The number of plans offering benefits through PPOs demonstrates the compromise that plan sponsors and enrollees have reached, balancing cost control with provider choice, according to one industry expert.

"On one hand, plan sponsors can control their costs by requiring enrollees to either use contracted providers or pay a greater portion of the cost of care," says Tom Bixby, a senior counsel with Neal, Gerber & Eisenberg's Health Law Group. "On the other hand, enrollees enjoy much greater choice of providers than they might in a more restrictive network, such as a HMO. As the cost of healthcare continues to escalate, plan sponsors are likely to increase enrollee cost-sharing, but continue offering the flexibility of PPOs."

According to Bixby, health plans have reacted to the increased cost of mental health benefits by furnishing coverage through PPOs. In addition, The Mental Health Parity Act generally requires group plans offering mental health benefits to provide more comprehensive benefits than in the past.

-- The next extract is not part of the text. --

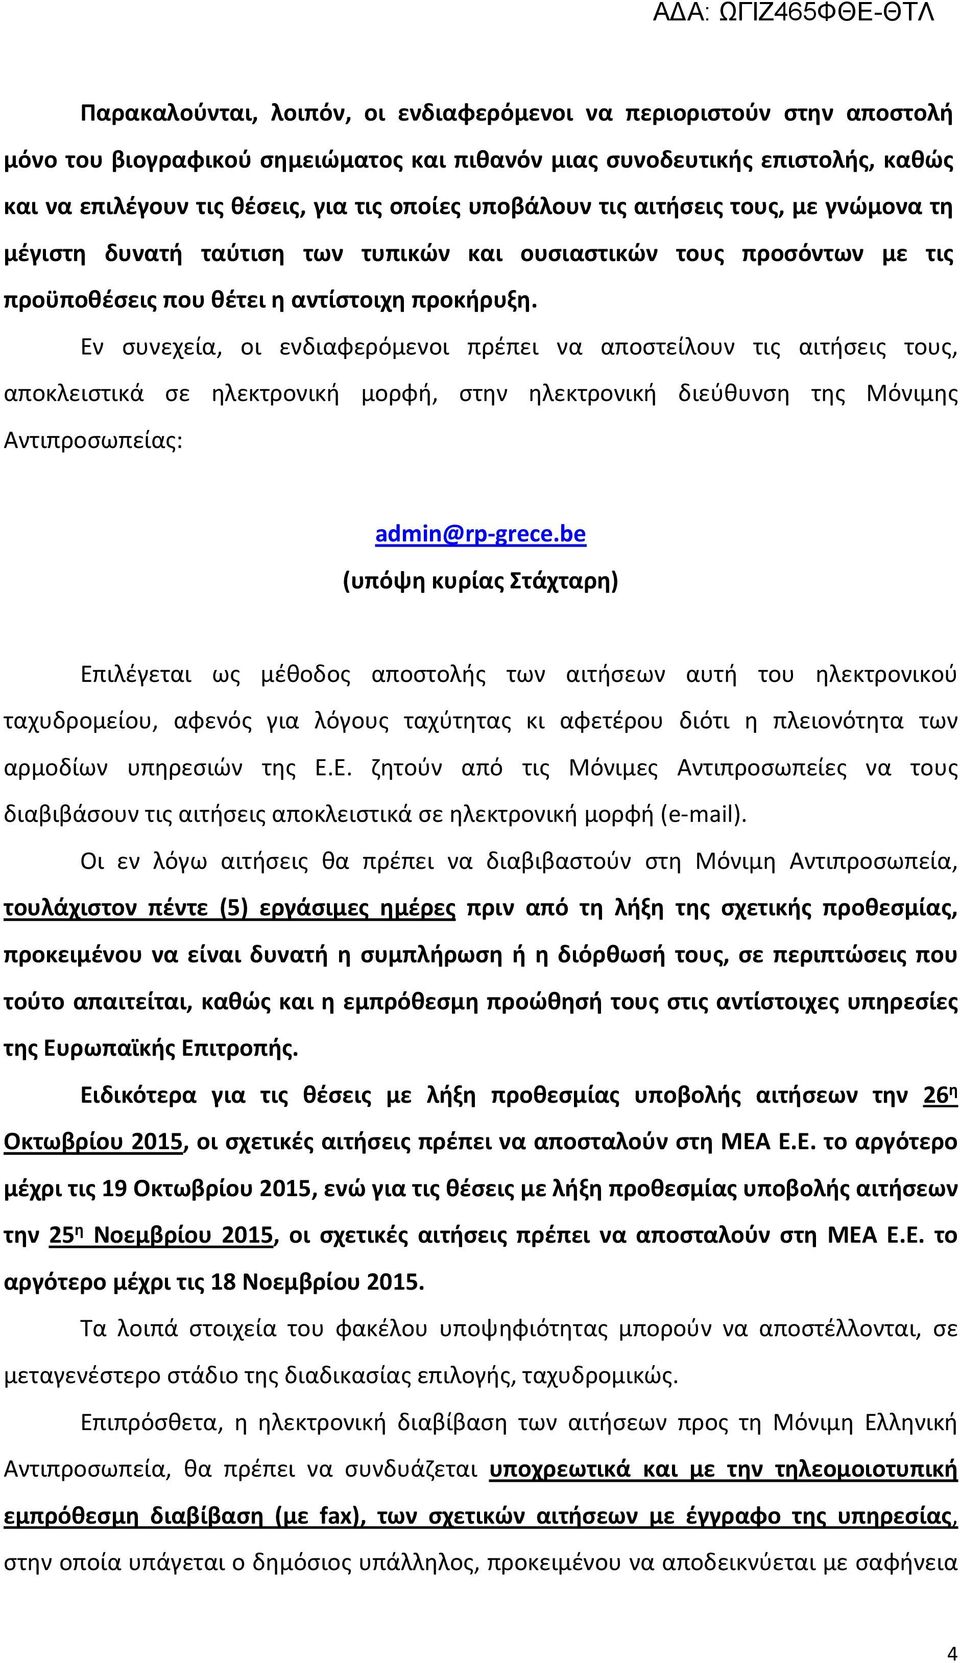 Εν συνεχεία, οι ενδιαφερόμενοι πρέπει να αποστείλουν τις αιτήσεις τους, αποκλειστικά σε ηλεκτρονική μορφή, στην ηλεκτρονική διεύθυνση της Μόνιμης Αντιπροσωπείας: admin@rp-grece.

Bixby expects health plans to increasingly move away from open formularies for prescription drug benefits. "First, the relentless growth in the cost of prescription drugs will drive plans to find ways to control costs," he explains. "Second, the Medicare Prescription Drug, Improvement, and Modernization Act of 2003 [MMA] will encourage the use of formularies. The MMA permits health plans to provide prescription drug coverage to Medicare beneficiaries beginning in 2006 and permits-though does not require-health plans to use formularies and requires them to implement various other cost-containment strategies. As health plans, providers, and enrollees adjust to using closed and other restrictive formularies, they will become more common," he says.

On the horizon

"As prescription drug costs become a larger portion of the healthcare pie, enrollees can expect to see their options for prescription drugs face the same conflicting pressures that enrollees experienced with physician and other provider choice in the 1980s and 1990s," Bixby says. "Health plans will restrict options by moving toward closed formularies, just as they moved toward HMOs and closed provider networks years ago. When enrollees-and providers-express frustration with their limited options, health plans will offer restricted networks, preferred lists, and other options that offer greater flexibility in return for greater cost sharing. Indeed, this process is already well under way, as many sponsors offer multi-tiered prescription drug plans, exchanging cost sharing for consumer choice."